RECORDS TO PROCESS >>
● ● ● ● ●

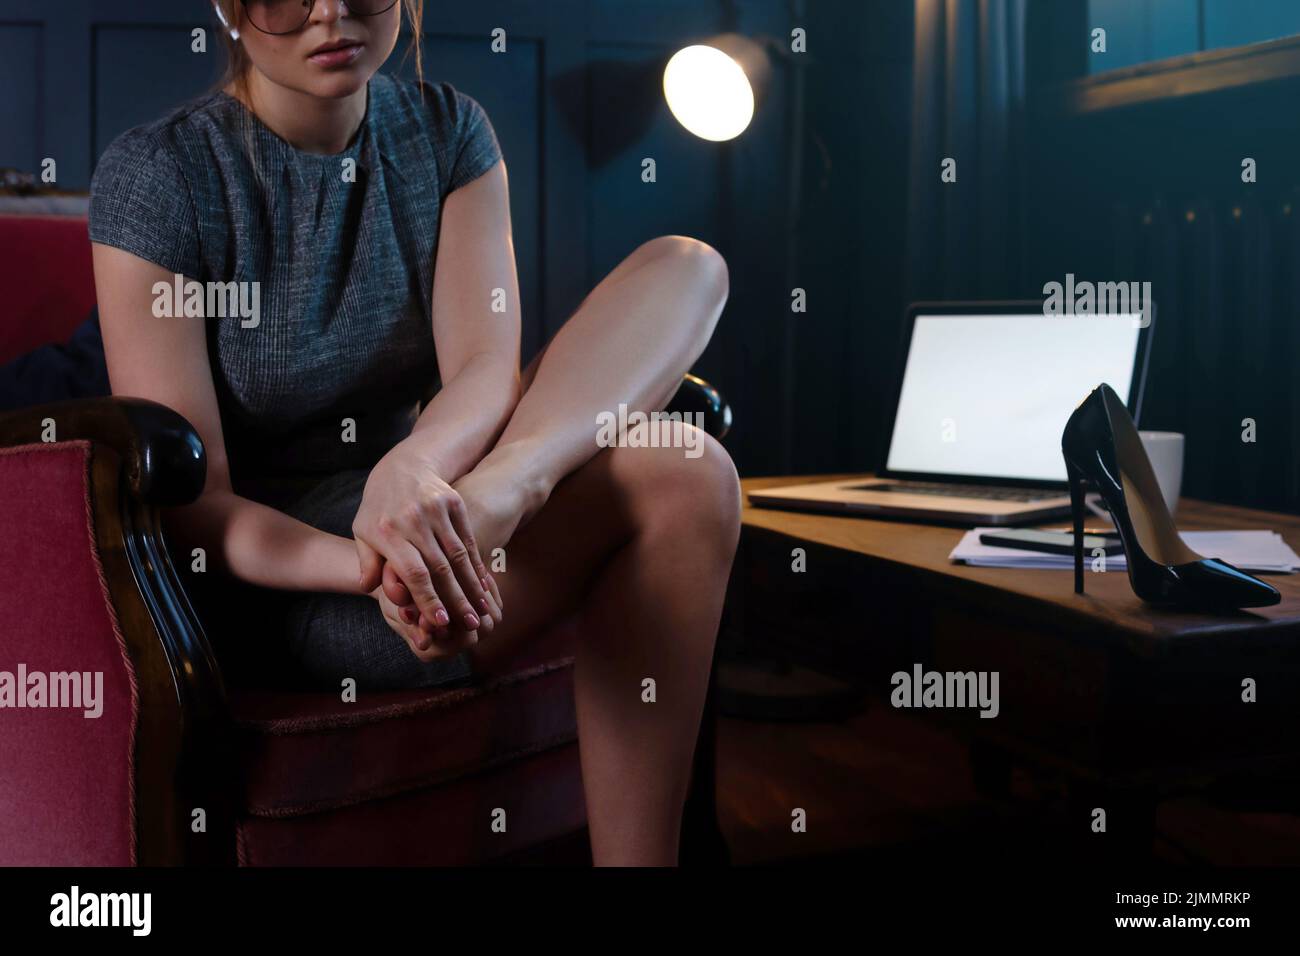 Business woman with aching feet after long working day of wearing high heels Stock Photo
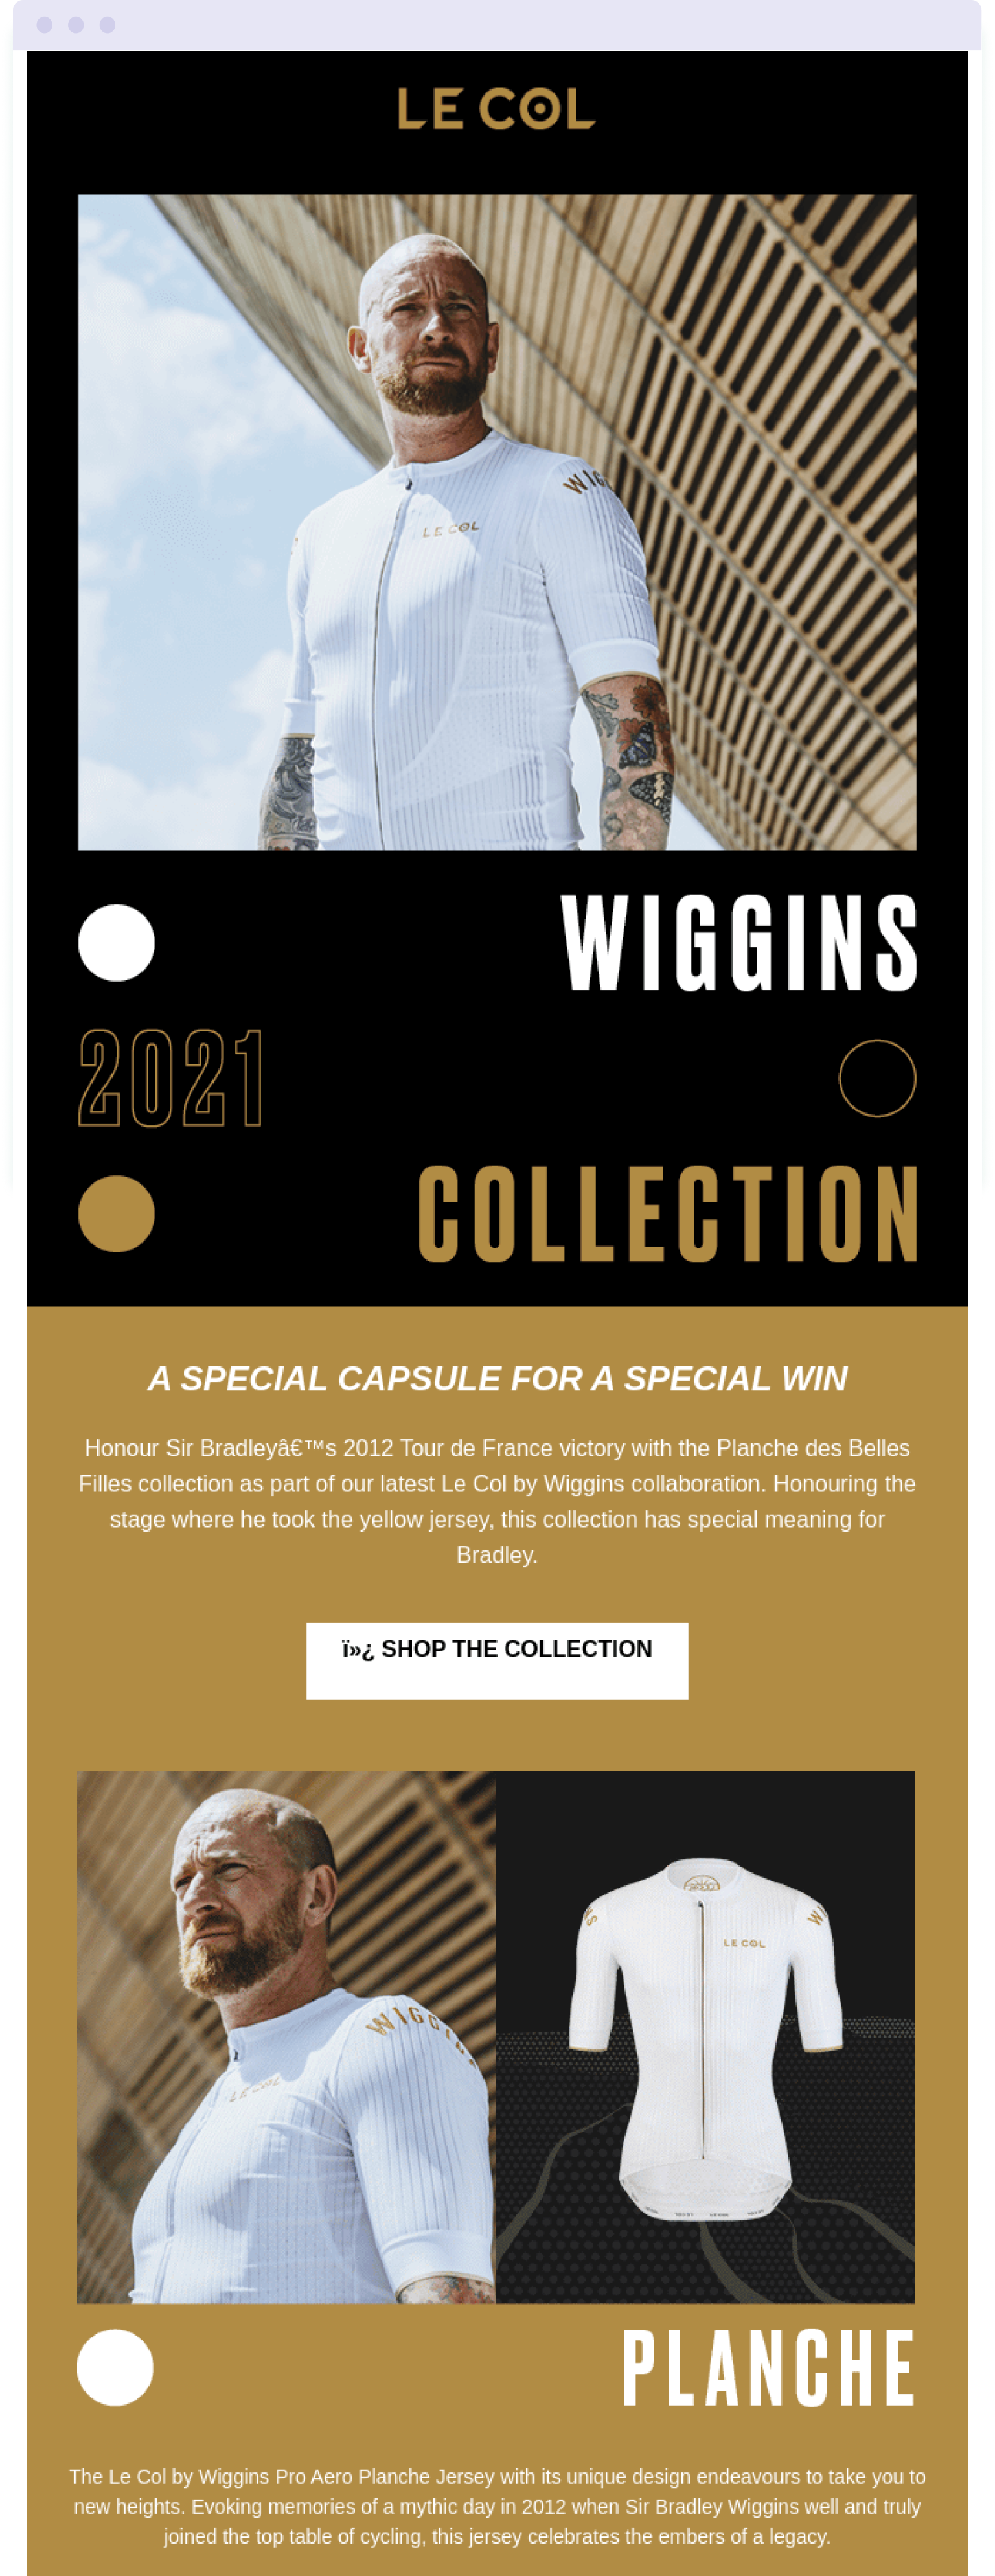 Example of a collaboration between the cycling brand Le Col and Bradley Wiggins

● ● ● ● ●

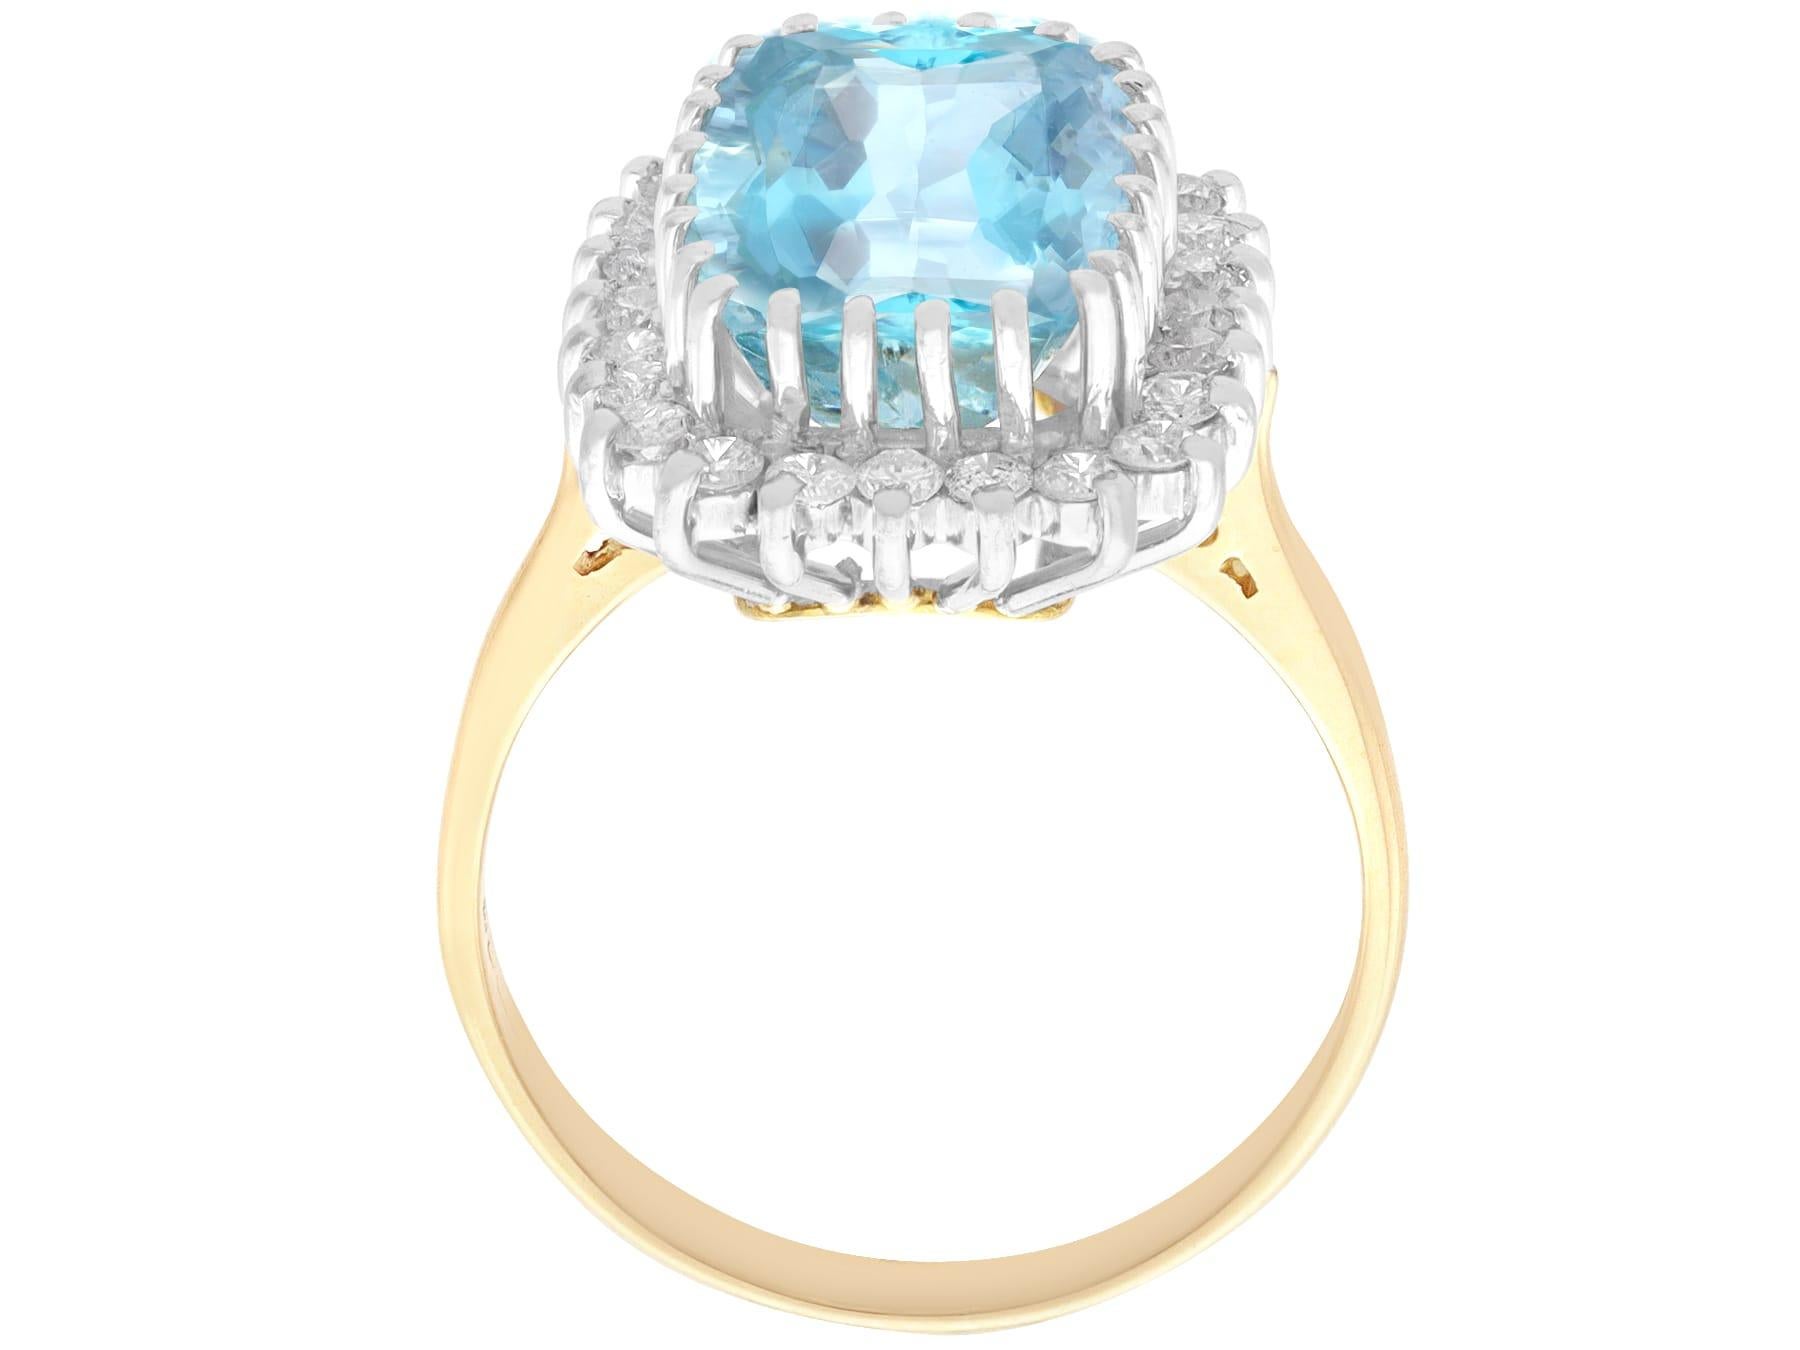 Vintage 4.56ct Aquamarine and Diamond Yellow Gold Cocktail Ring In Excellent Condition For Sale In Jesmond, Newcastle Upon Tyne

● ● ● ● ●

TASK BRIEF >> Reproduce the lines above beginning at the line that contains "Business woman with" and ending at the line that contains "Example of a". No pictures.

ANSWER AREA >>
 Business woman with aching feet after long working day of wearing high heels Stock Photo
 Example of a collaboration between the cycling brand Le Col and Bradley Wiggins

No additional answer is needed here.